Como población, los jóvenes y adultos son quienes mayor cantidad de consultas realizan. Esta etapa supone la independencia en variases esferas de la vida, lo que posibilita que establezcan consultas, bajo los propios criterios de pensamiento, las propias referencias. Debido que son las etapas de mayor extensión temporal y de mayor autonomía, las consultas y los padecimientos por lo que se consulta, son de diversos tipos.

Si se quiere hacer una caracterización de estas etapas, se puede decir que la juventud y la adultez presentan aspectos en común. Los logros madurativos a nivel psíquico y físico se encuentran ya consolidados habiendo alcanzado estabilidad. Por otro lado, la juventud supone un camino de desarrollo y consolidación de los aspectos que están implicados en la adultez.

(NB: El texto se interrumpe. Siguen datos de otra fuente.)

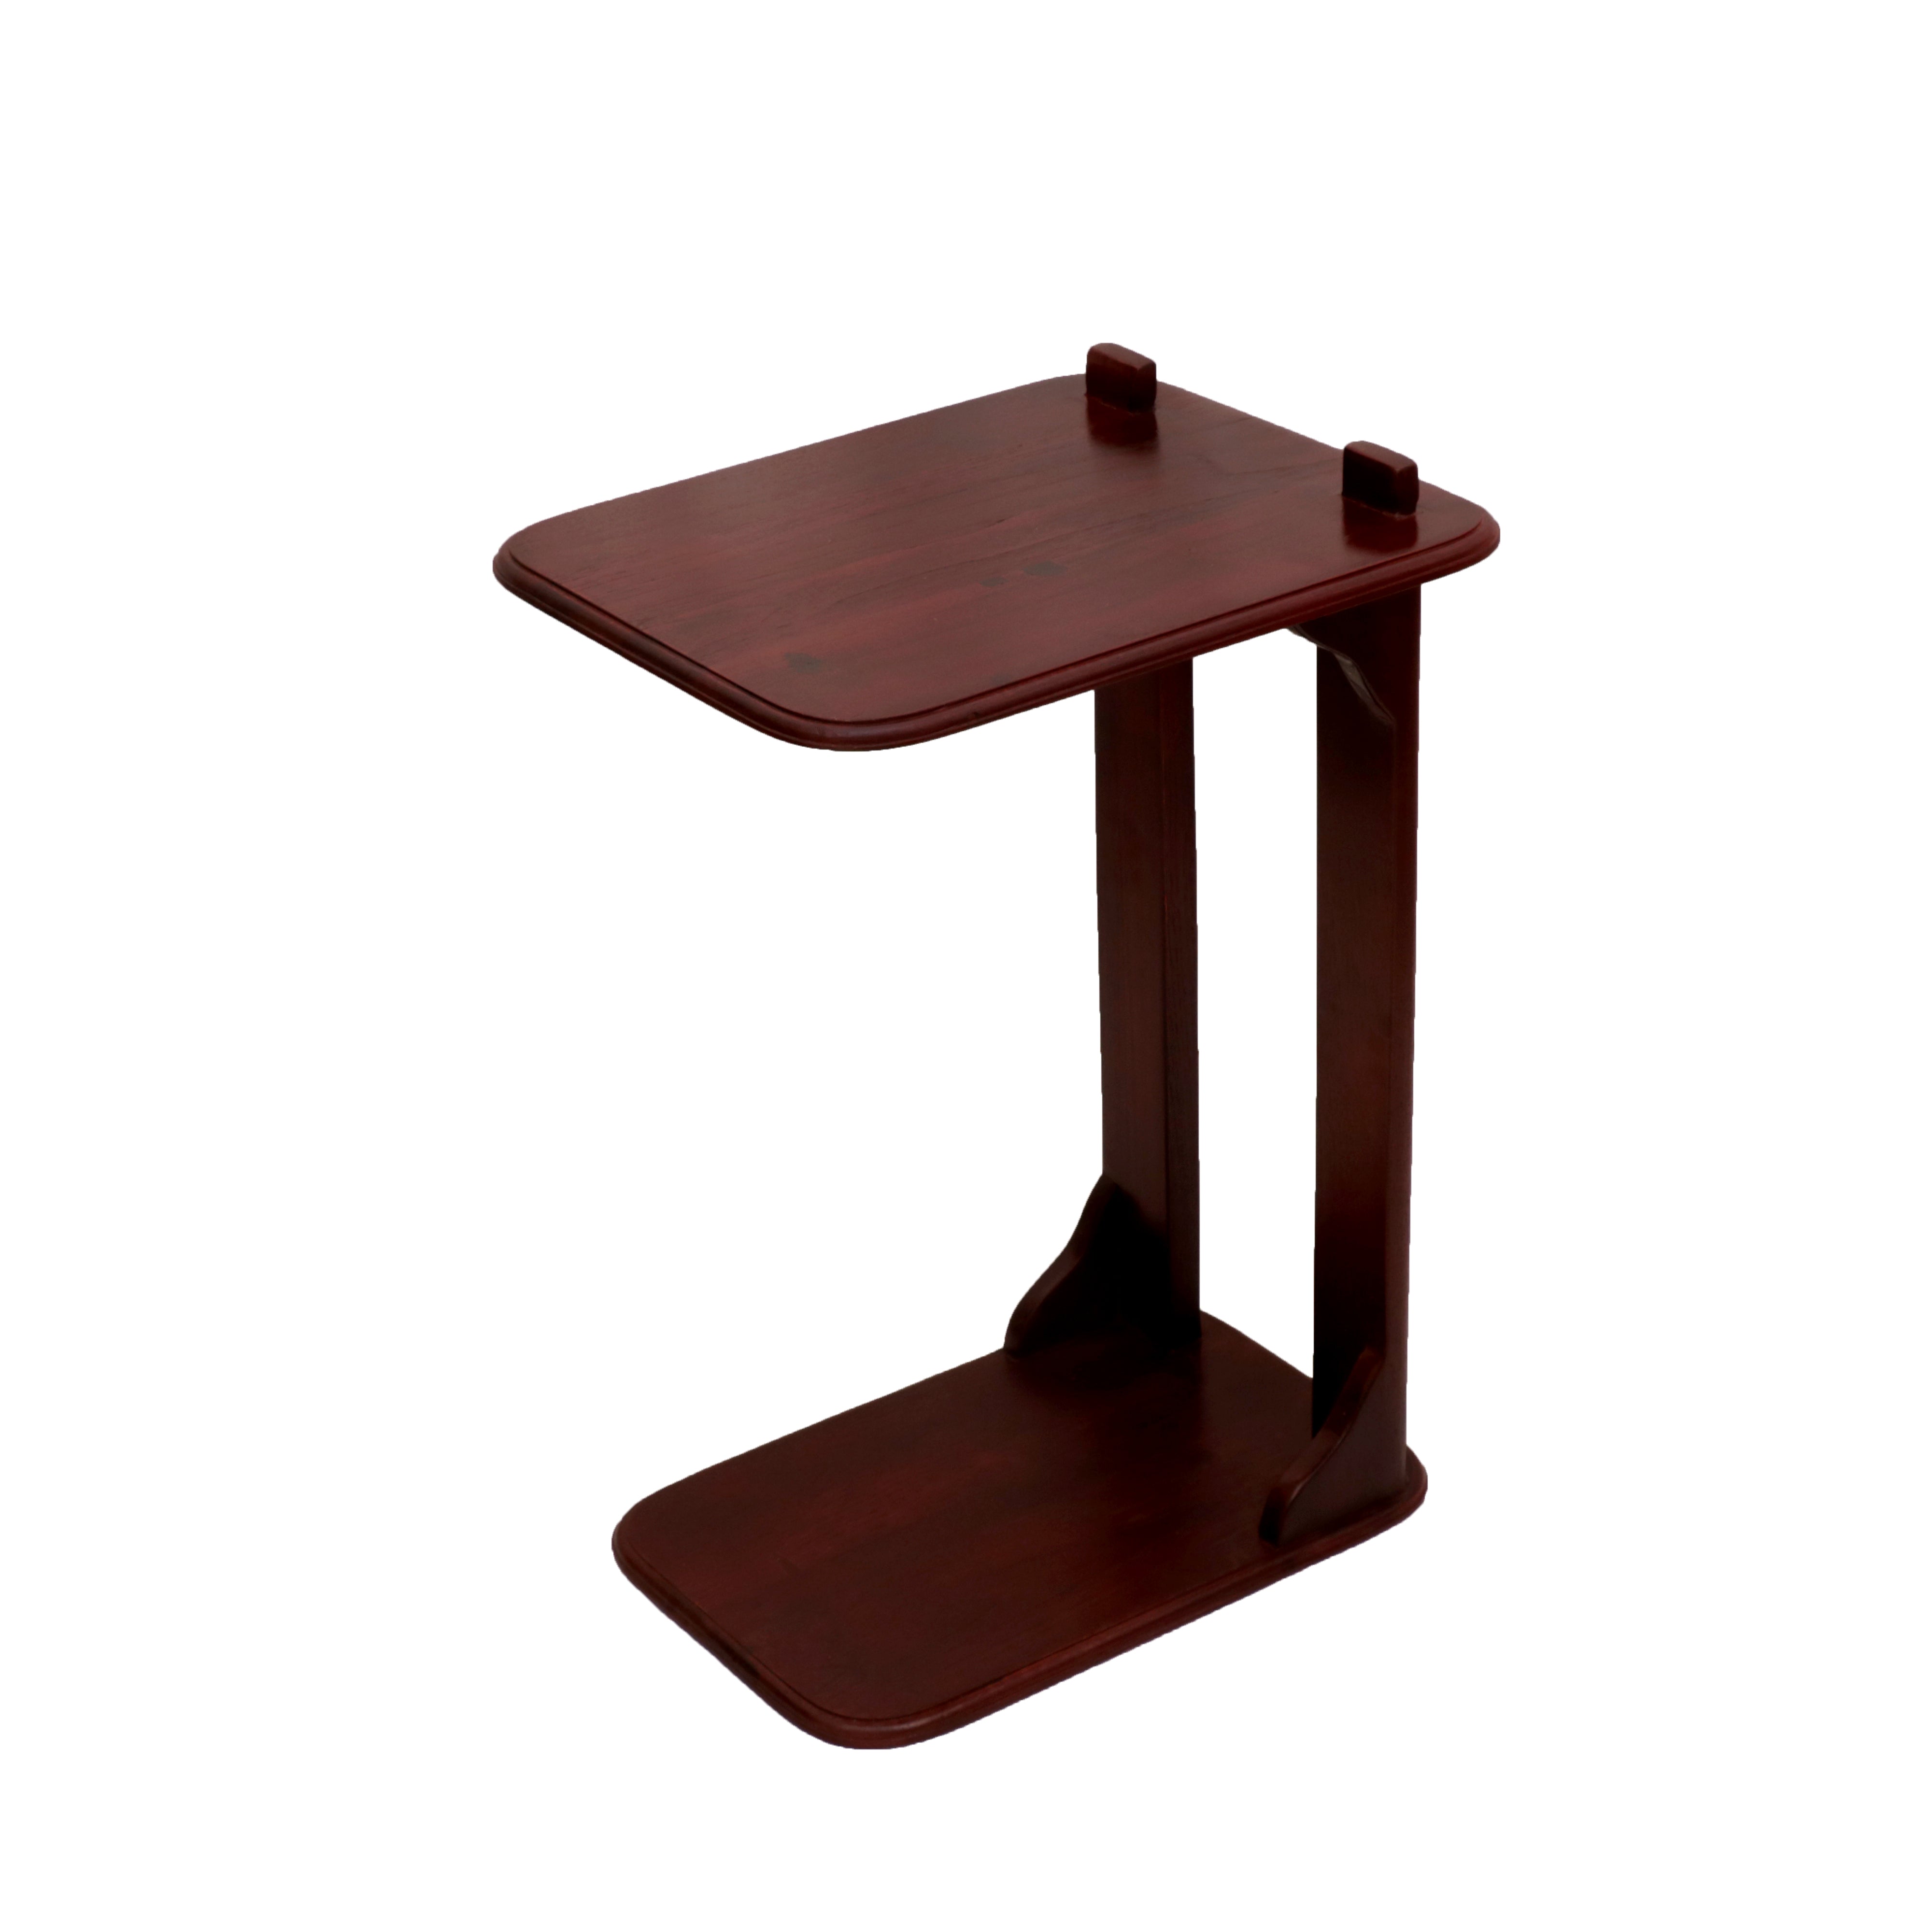 Wooden C Table (Mahogany Touch) C Table

Los mismos pueden sinterizarse en dos grandes categorías: la esfera laboral y la esfera de vínculos exogámicos o vínculos por fuera del ámbito familiar. Estos dos aspectos son los que definen lo propio de estas etapas, siendo a su vez los que suelen generar mayores dificultades. Así, los problemas vocacionales, los conflictos varios que pueden encontrarse en la construcción y sostenimiento de un lugar en lo social a nivel laboral, aparecen frecuentemente como motivos de consulta. Por otro lado, las dificultades en el vínculo con la pareja, a nivel de la sexualidad, en relación a la asunción de roles relacionados con la maternidad o paternidad, suelen ser motivos de consulta frecuentes.